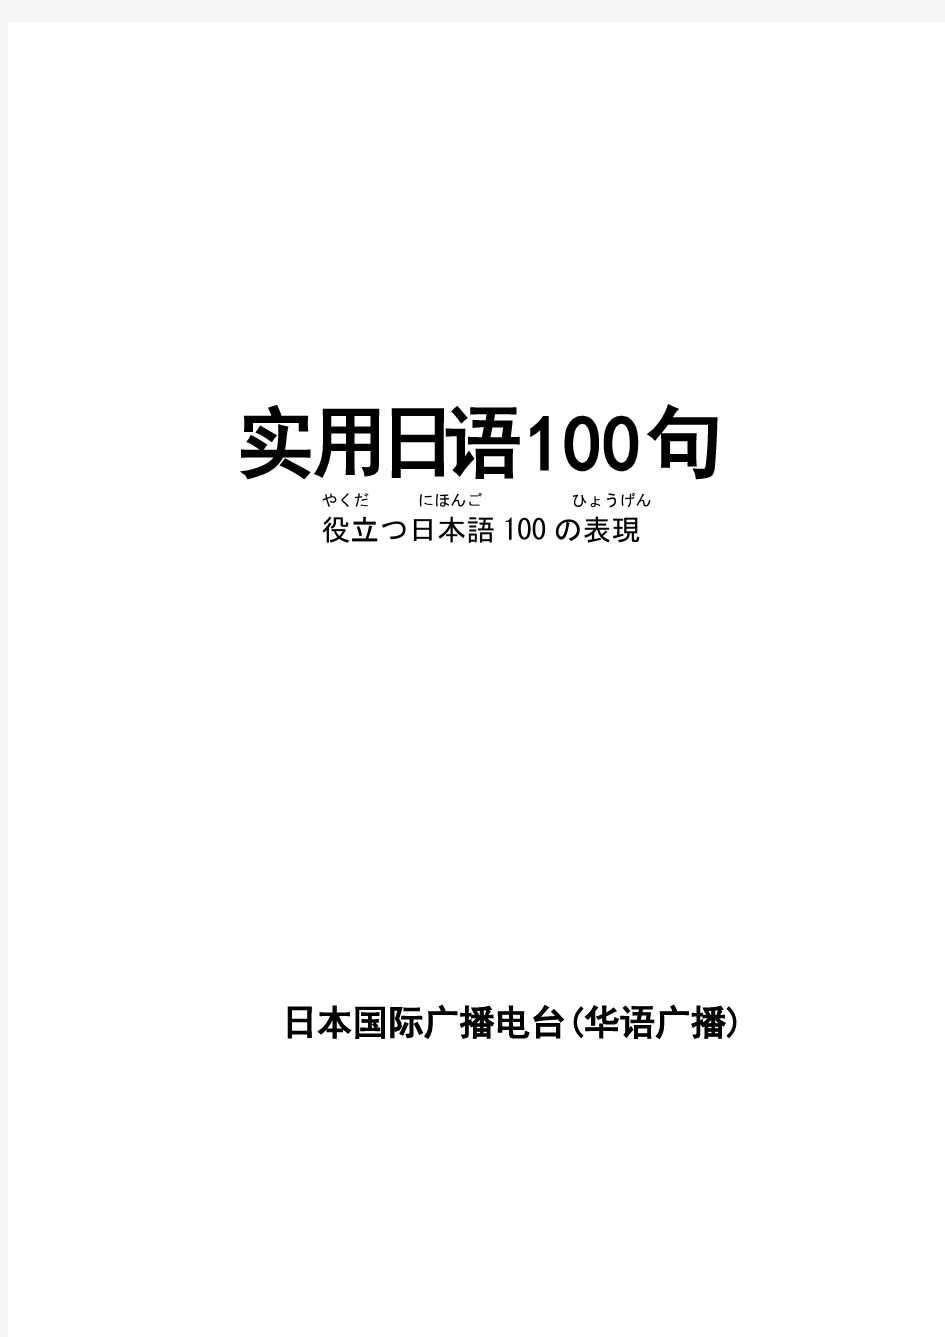 NHK实用日语100句(正篇)初到东京
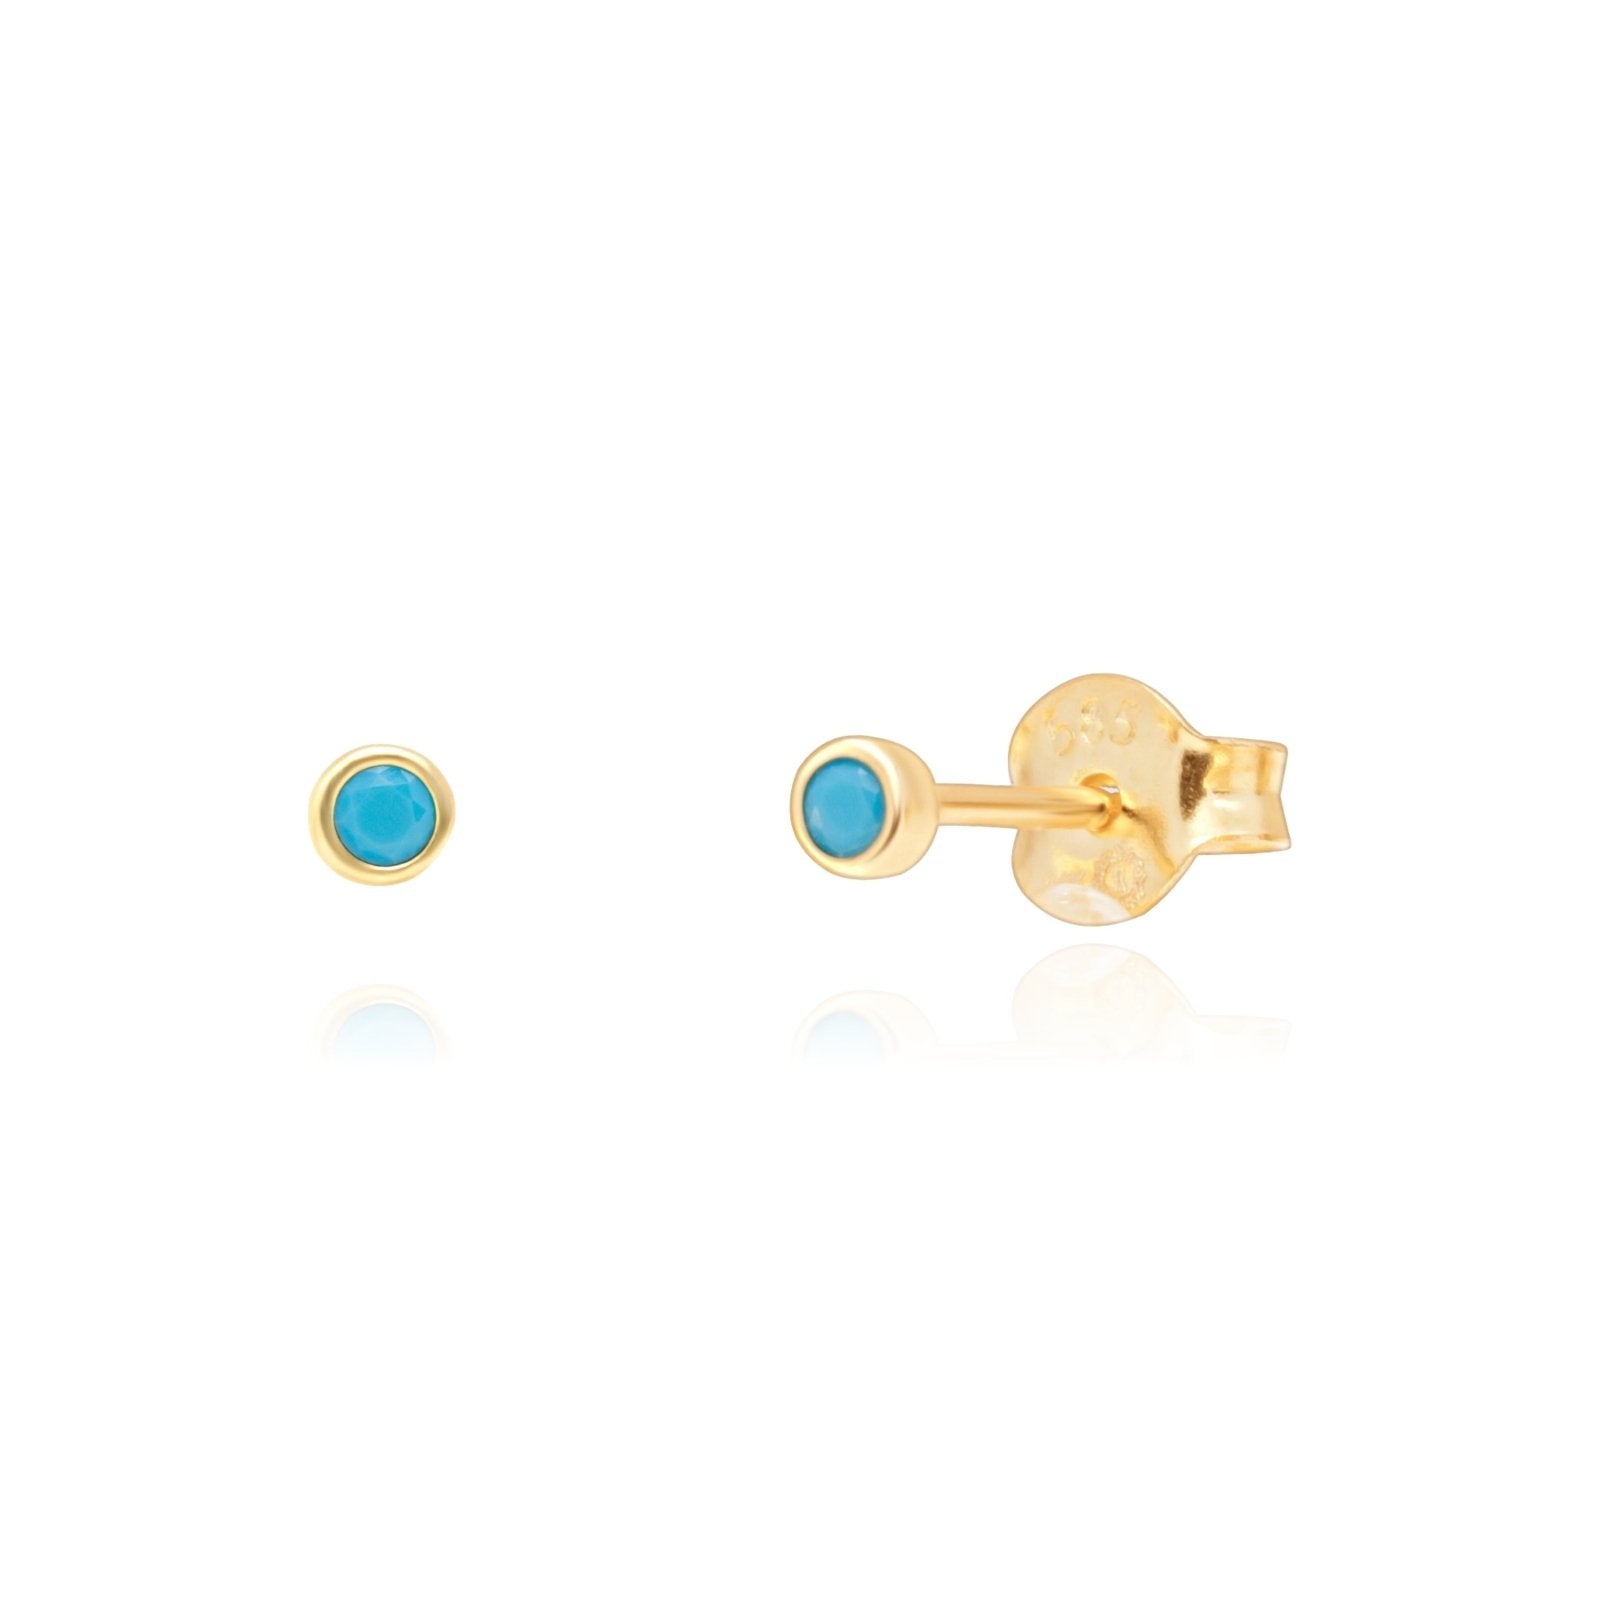 Turquoise Earrings Bezel Earrings Estella Collection #product_description# 14k Birthstone Earrings #tag4# #tag5# #tag6# #tag7# #tag8# #tag9# #tag10#
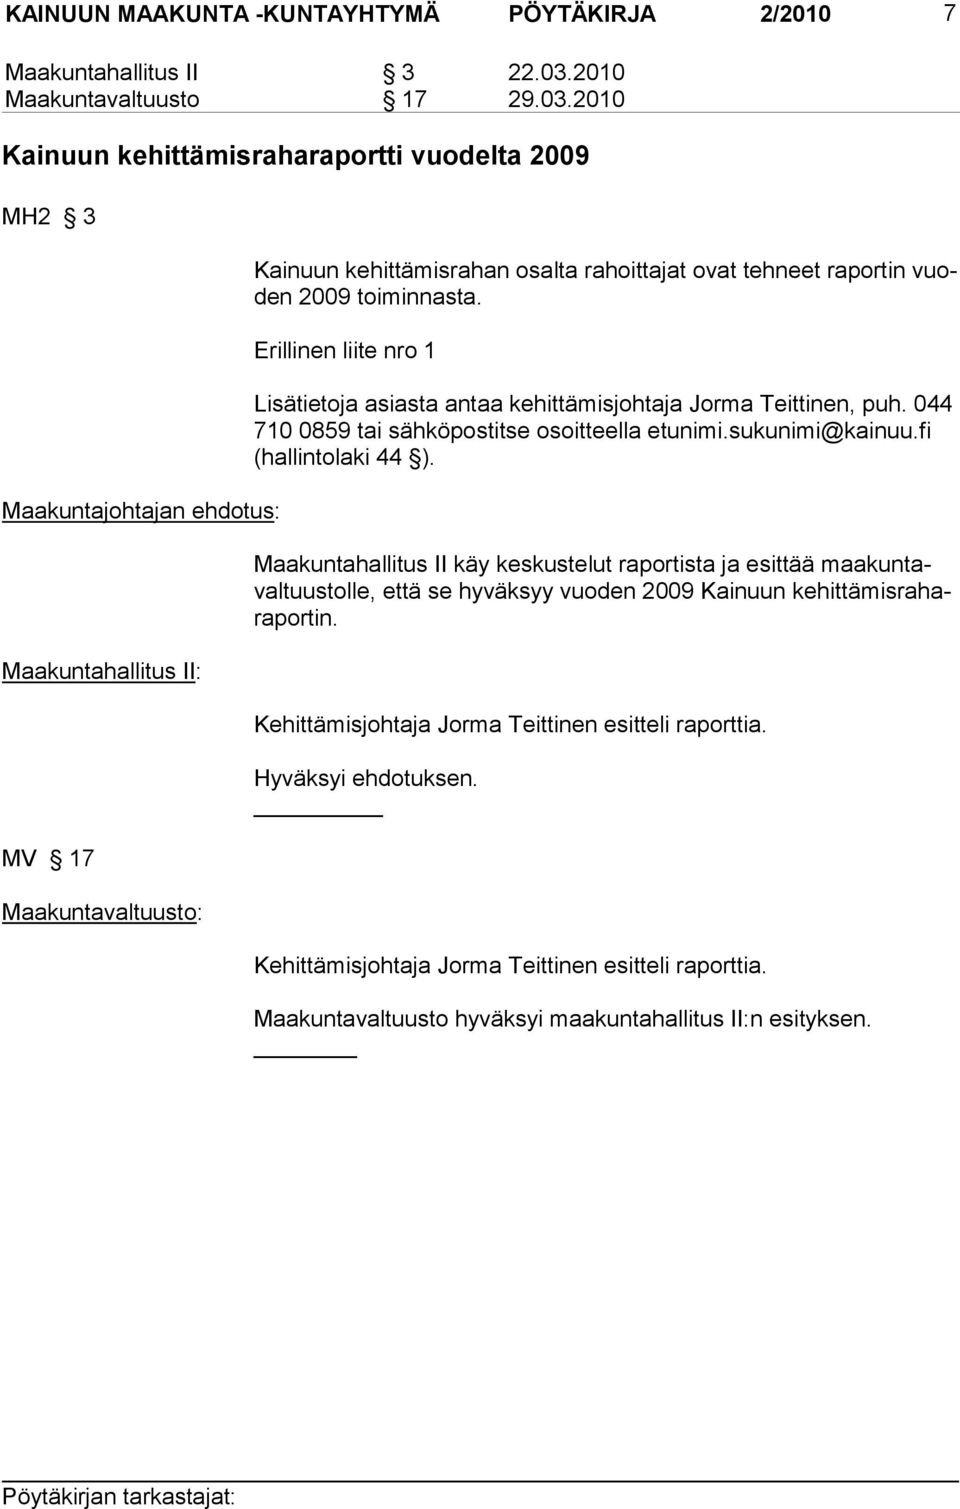 2010 Kainuun kehittämisraharaportti vuodelta 2009 MH2 3 Maakuntajohtajan ehdotus: Maakuntahallitus II: MV 17 Kainuun kehittämisrahan osalta rahoittajat ovat tehneet raportin vuoden 2009 toiminnasta.

* * * *

*Exercise description*: Could you reproduce all of the data above exactly and skip any image?

*Answer box*:
 NHK实用日语100句(正篇)初到东京
 Turquoise Earrings Bezel Earrings Estella Collection #product_description# 14k Birthstone Earrings #tag4# #tag5# #tag6# #tag7# #tag8# #tag9# #tag10#
 2010 Kainuun kehittämisraharaportti vuodelta 2009 MH2 3 Maakuntajohtajan ehdotus: Maakuntahallitus II: MV 17 Kainuun kehittämisrahan osalta rahoittajat ovat tehneet raportin vuoden 2009 toiminnasta.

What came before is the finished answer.